Tuesday, June 25, 2013

How The War On Women Could Backfire And Turn Texas Blue!

I’m starting to get the feeling that Republicans don’t actually believe women exist, or that they can’t remember that the 19th Amendment was adopted in 1920. That’s the only reason I can think of for their repeated attempts to subjugate women and strip them of all control of their reproductive rights. It’s not like the GOP’s assault on abortion rights is anything new. The narrative was quite strong during last year’s elections and led to the coining of a new, if not somewhat controversial bit of rhetoric from the left — The War on Women. Maybe that phrase is a bit on the hyperbolic side, but it’s hard to argue with it when you look at the sheer number of anti-abortion bills — bills that ignore the rule of law and settled Constitutional precedent — that have sprung up in the states and even in our own House of Representatives.

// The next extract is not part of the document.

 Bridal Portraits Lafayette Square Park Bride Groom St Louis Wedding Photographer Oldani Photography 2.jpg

Clearly the messages of 2012 have not been received. Republicans still don’t get it; women can and do vote, especially when they feel rights they’ve grown up enjoying are being threatened. Republicans in Texas clearly haven’t gotten that memo either, as they’re trying to rush insanely repressive and regressive legislation that would close down most of the state’s forty-two abortion clinics. I myself find it a bit absurd that in a state as massive as Texas (I’ve been through many times) there are only 42 clinics, but the bill being rushed through the legislature down in the Lone Star State would all but eliminate women’s access to abortion services in the state. Governor Rick “Drunk on Moonshine, High on Jesus and Guns” Perry has already committed to signing the bill once it gets to his desk, which it is expected to sometime this week.

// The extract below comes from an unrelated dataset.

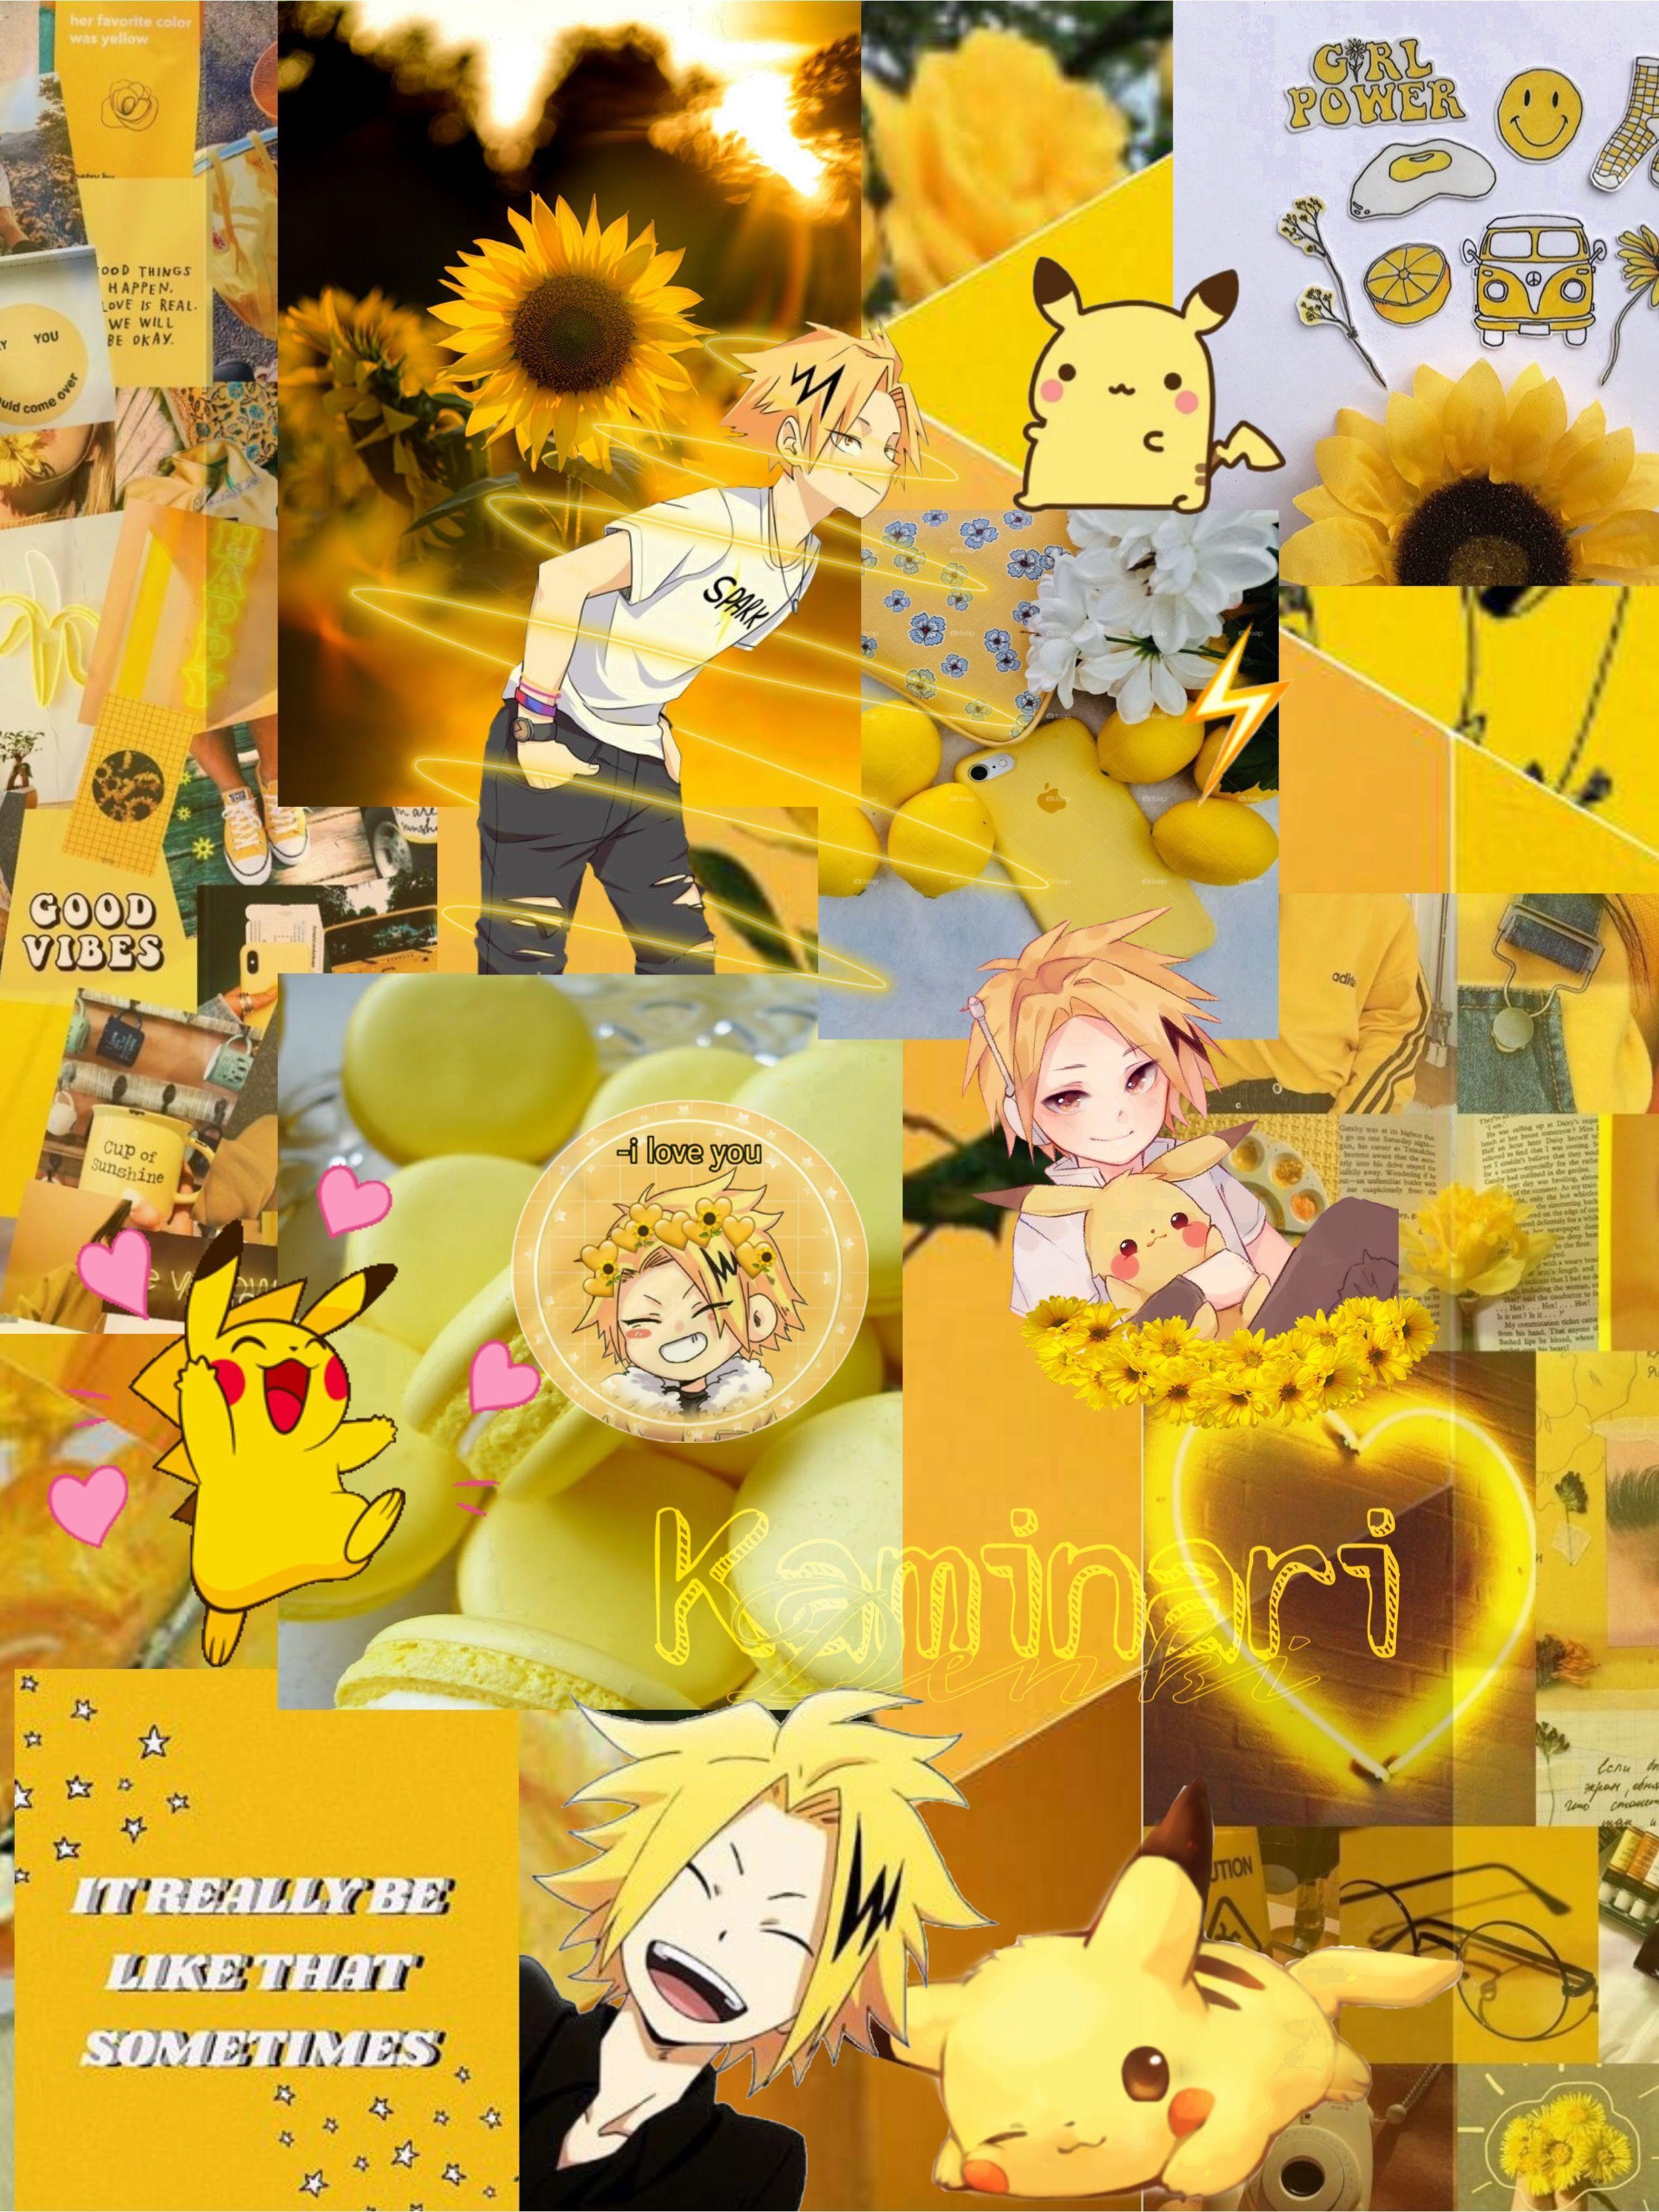 anime wallpaper hd wallpaper scenery yellow anime aesthetic

Something awesome has also been happening in Texas though. Texans have been resisting the hard-right push by the state legislature and even formed a citizens’ filibuster to stall a committee vote on the bill, and they succeeded. They forced the committee to call the vote off after staging an hours-long civil protest, filing in and taking up their allotted three minutes of time until the wee hours of the morning. Texan Republicans are on notice — the voters in their state that don’t rest all their opinion on right-wing extremist demagoguery of any woman who chooses to do with her sexuality and reproductive organs what she chooses — are paying attention.

Texas is an interesting study in American politics. While there is no doubt that the state leans very conservatively on a whole host of issues, there is a large and growing Latino/Hispanic population that will already drive the voting registration a bit to the center; possibly one day soon turning the big red state purple. There’s more color change coming for Texas if this bill does in fact get signed into law. It’s obvious that quite a large number of Texans do not support these arcane attempts to repress women, and they are politically activated. It takes a boat load of emotional investment for Americans these days to leave the comfort of their “Real Housewives of Boise” and their climate-controlled homes to go and protest anything of a political nature, and that’s exactly what happened last week at the committee meeting.

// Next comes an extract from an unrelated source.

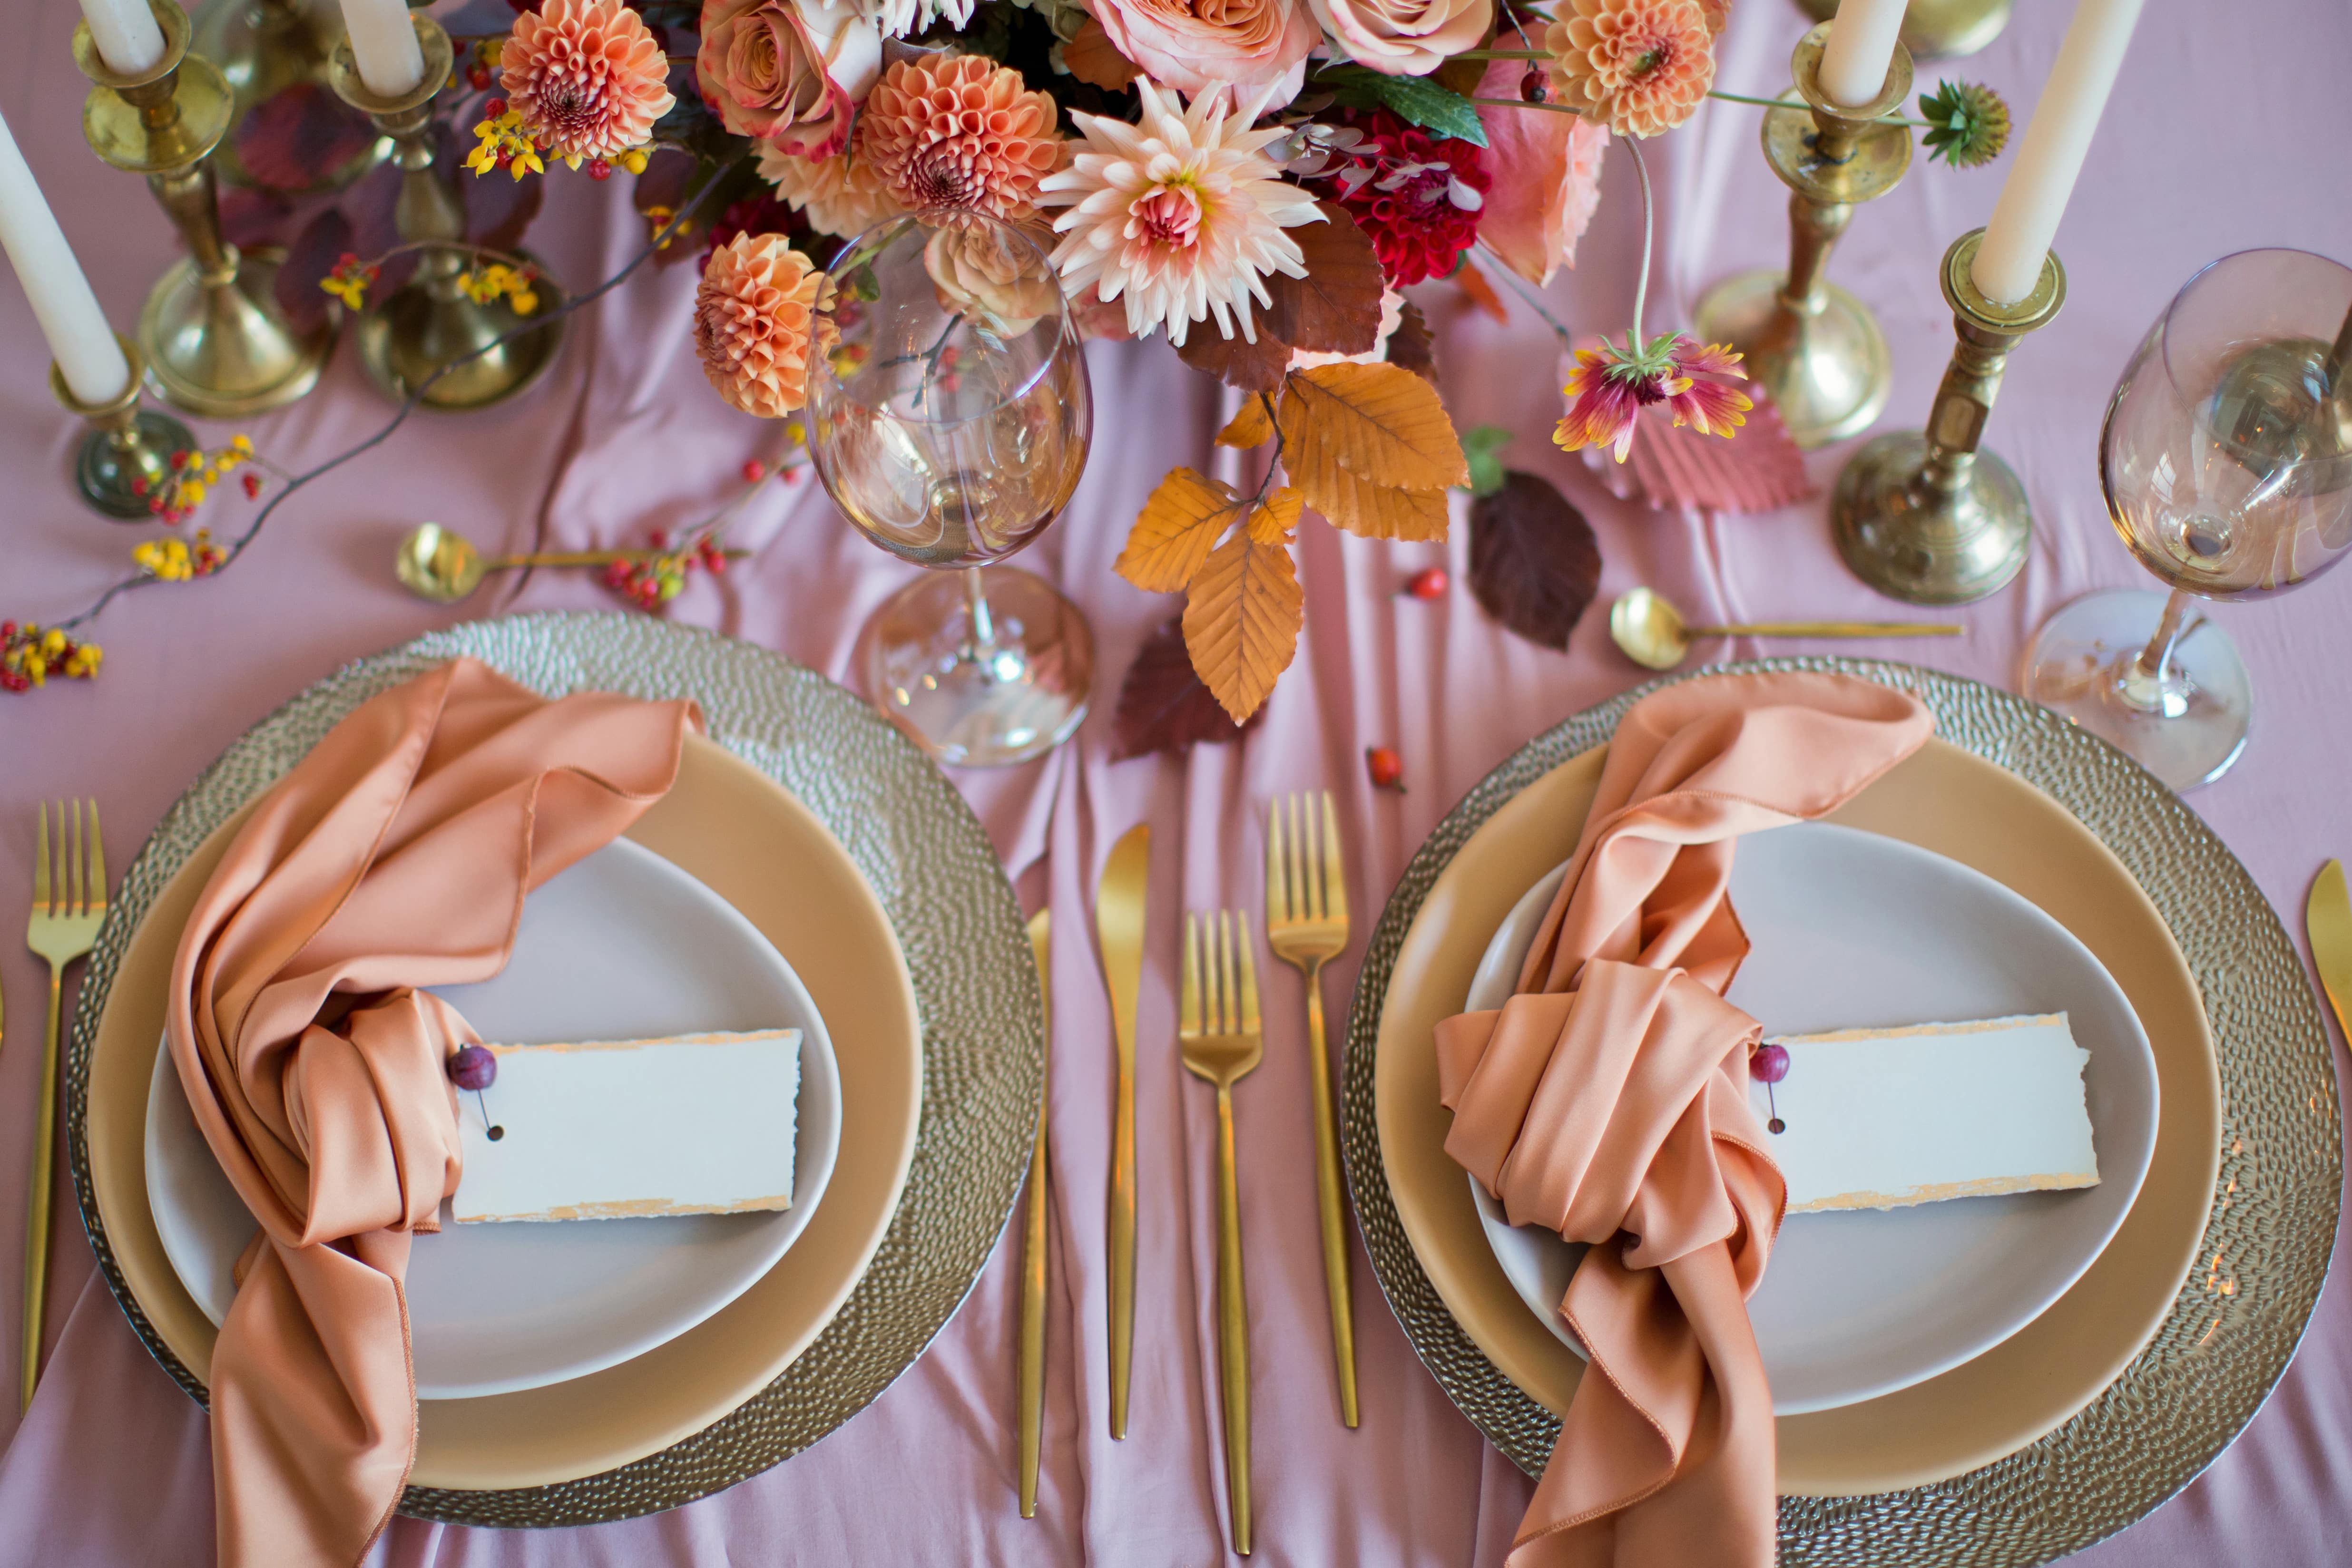 8 Splendid Tips for Planning a Beautiful Fall Wedding

The right has been steadily ramping up their aggression towards abortion rights sine the Religious Right began increasing their influence on the party. The desperation though is growing apparent and much more embarrassing for them. They have to resort to holding midnight legislative sessions to avoid the glare of media and the shouts of protesters. Or at least they thought they’d be avoiding the protesters. The concerned citizens of Texans who don’t believe in the government telling a rape victim they have to have their rapist’s baby still showed up en masse at the midnight session held last night. The people are indeed paying attention.

How far can Republicans in red states push it? How far to the right can state legislators drag their state’s abortion laws before the moderates and liberals in those states strike back? Texas is going to be a state to watch very carefully in the next few months and years. The demographics will force a shift in the politics, but so will any and all attempts to rush controversial legislation through to the governor’s desk without having a full and complete, public debate. Republicans likely underestimate just how many younger women, women born after Roe V. Wade was handed down, who just assume (and rightfully so) that they will enjoy those same freedoms in their lifetimes as well. God help any lawmaker who tells a modern woman, a millennial, they can’t do with their bodies what they want. There will either be a mass exodus from states that continue to push their laws to the rightward fringe, or more likely the case, the people in these states will decide enough is enough and what was once red will become a shiny new blue spot on the map.